Boswell describes the author, Herbert Croft, as 'then a Barrister of Lincoln's Inn, now a clergyman.' Boswell's Johnson, iv. 58. In 1784 Croft met Johnson at Pembroke College. 'I am afraid,' writes Boswell, 'he was somewhat mortified by Dr. Johnson's not being highly pleased with some Family Discourses which he had printed; they were in too familiar a style to be approved of by so manly a mind.' Ib. iv. 298.

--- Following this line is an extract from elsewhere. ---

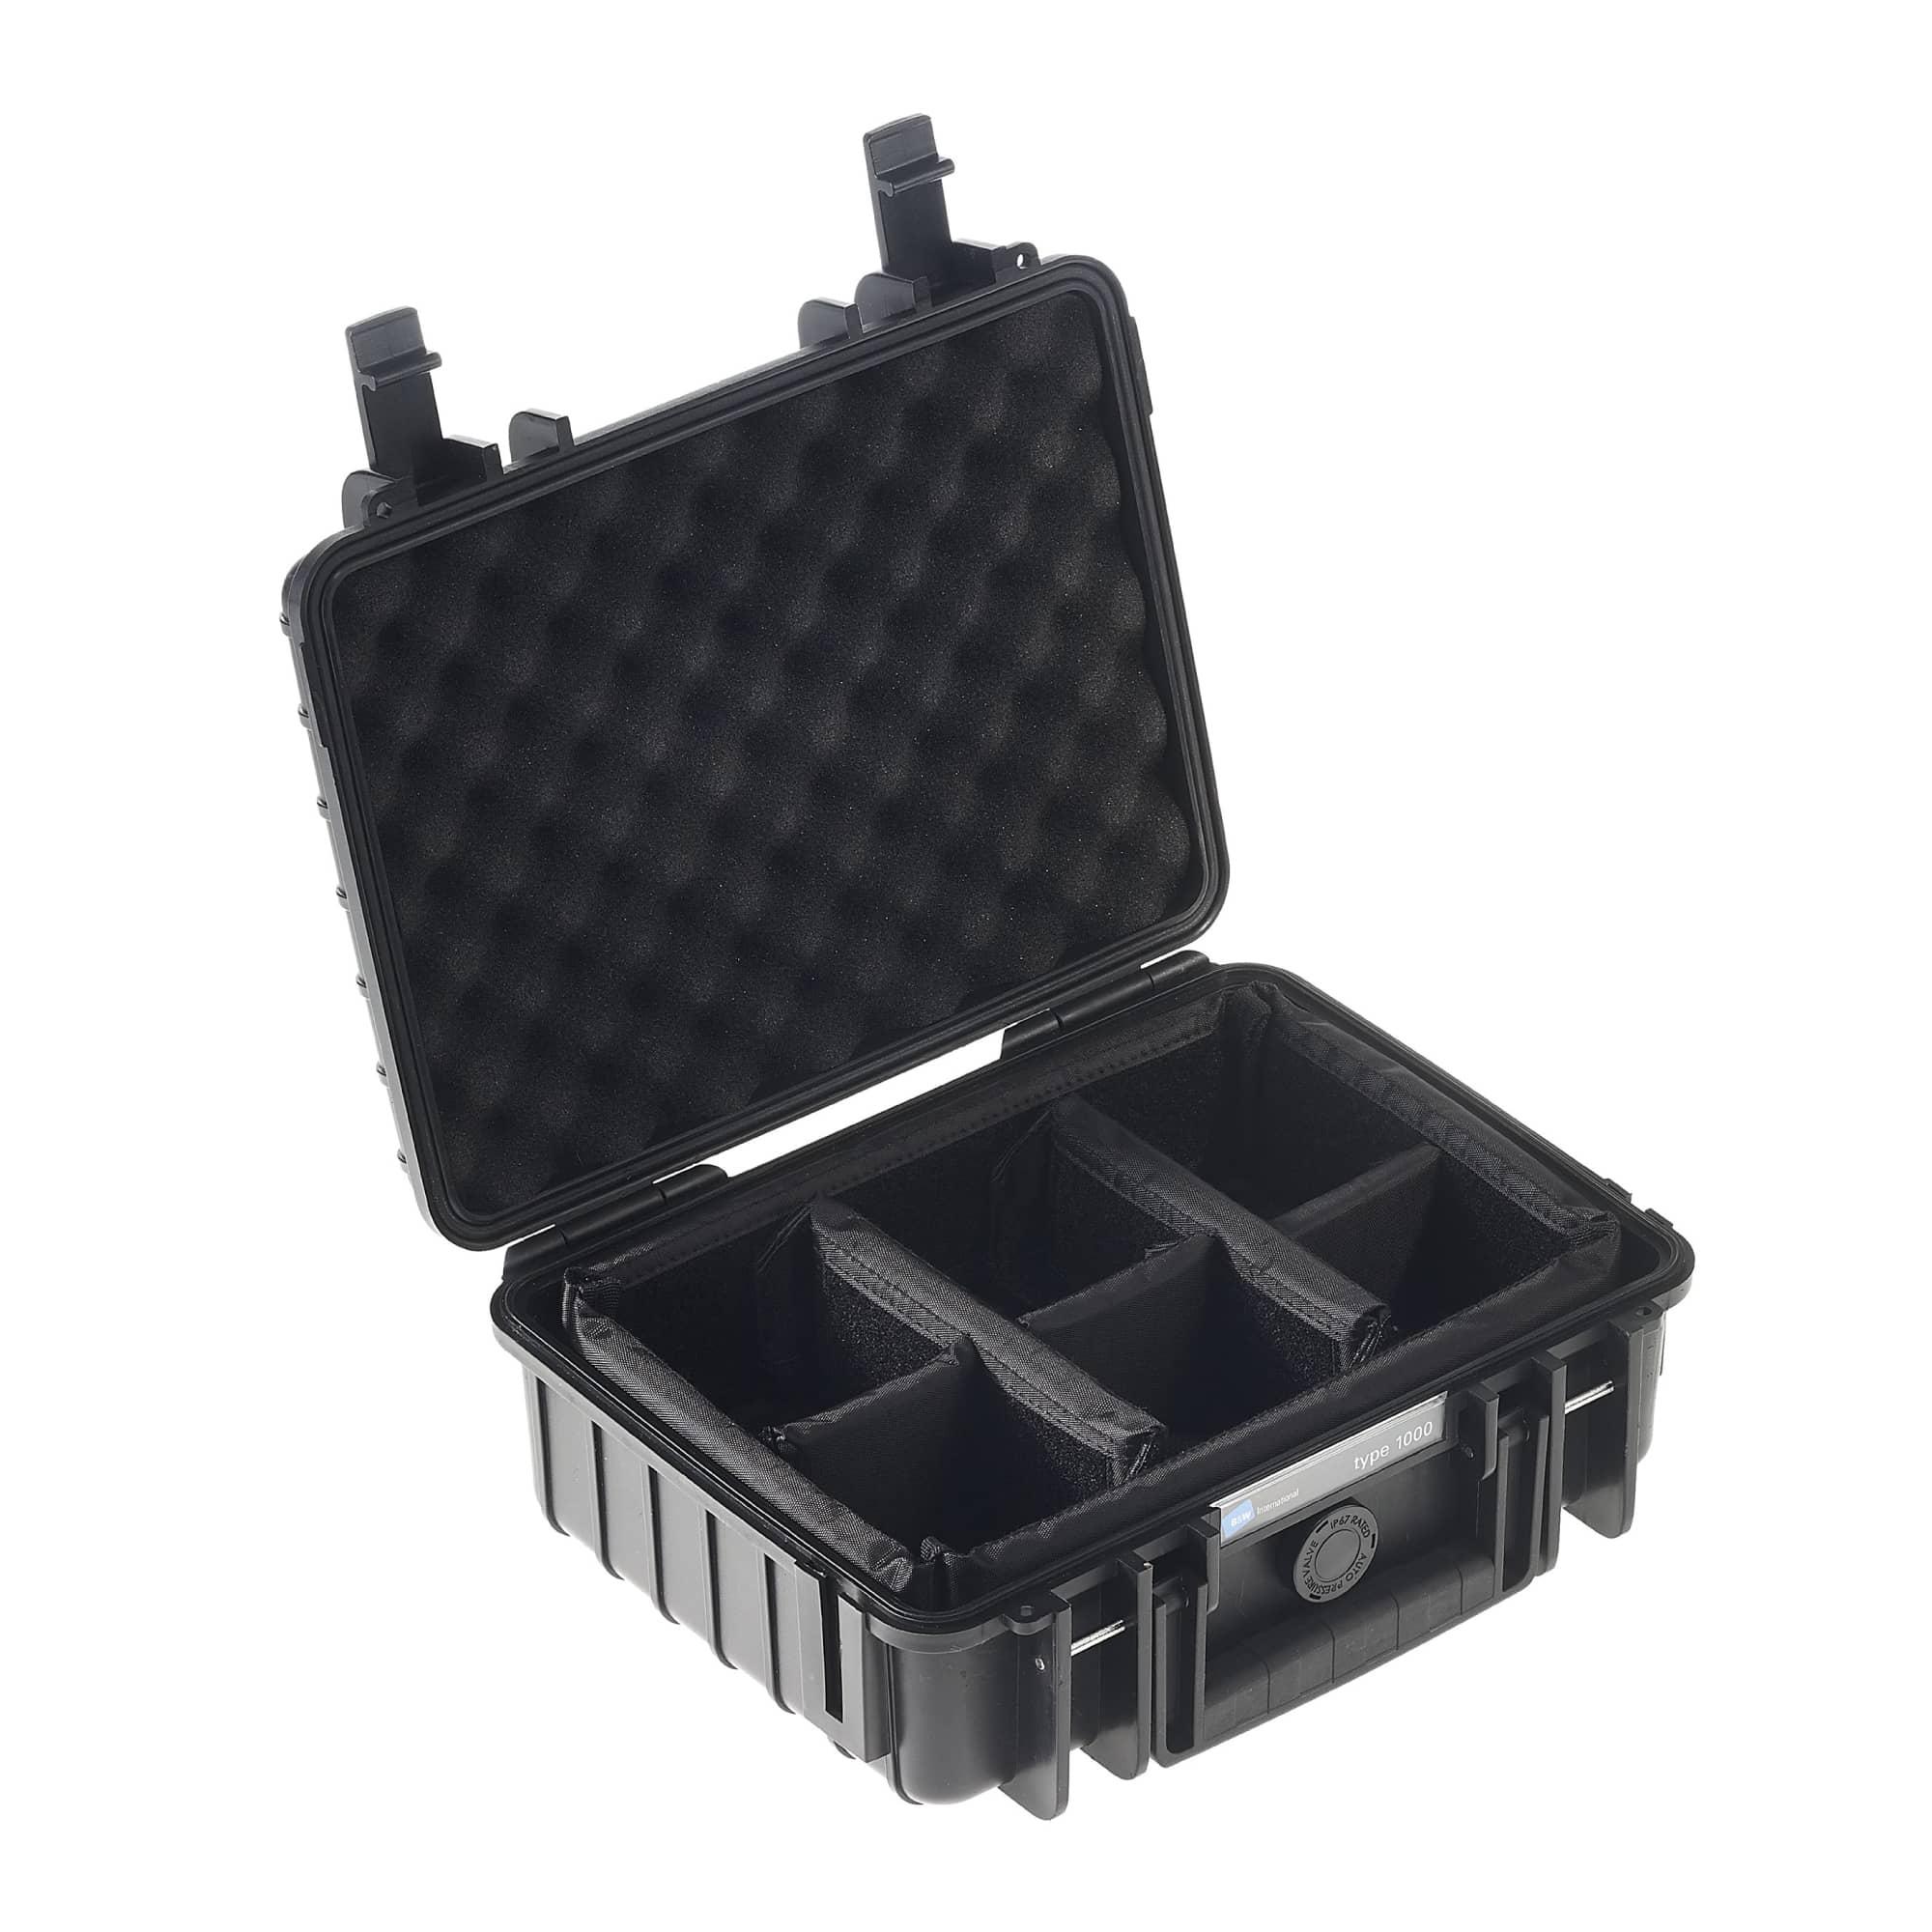 B&W Outdoor Case Typ 1000 schwarz mit variabler Facheinteilung (RPD)

Croft, in a passage first printed in the second edition, says that he could not prevail on Johnson 'to make any alterations,' though he insisted on striking out one passage.' Post, YOUNG, 153. Johnson wrote of Croft's work to Nichols :-'What is crossed with black is expunged by the authour; what is crossed with red is expunged by me. If you find anything more that can be well omitted I shall not be sorry to see it

yet shorter.' Boswell's Johnson, iv. 58.

The Rev. John Hussey John. Misc. Preface, p. 12) recorded in a marginal note:-'Soon after the publication of the Prefaces, on my telling Dr. Johnson that I heard some reflections on the Life of Young being too long, and that he was too frequently called the Author of the Night Thoughts, he replied:-"Nay, I can acquit myself of the first charge, and Mr. Croft of the other. I expunged nearly half that was written, and he was called the Author of the Night Thoughts by my recom

mendation."

Of this Life by Croft Boswell writes :—' It has always appeared to me to have a considerable share of merit, and to display a pretty successful imitation of Johnson's style. When I mentioned this to a very eminent literary character [Burke], he opposed me vehemently, exclaiming, "No, no, it is not a good imitation of Johnson; it has all his pomp without his force; it has all the nodosities of the oak without its strength." This was an image so happy, that one might have thought he would have been satisfied with it; but he was not. And setting his mind again to work, he added, with exquisite felicity, "It has all the contortions of the Sybil, without the inspiration." Boswell's Johnson, iv.59.

It is strange that Boswell, whose own style is excellent, should have liked this intolerable piece of affectation. Happily for me it is no duty of mine to edit Croft.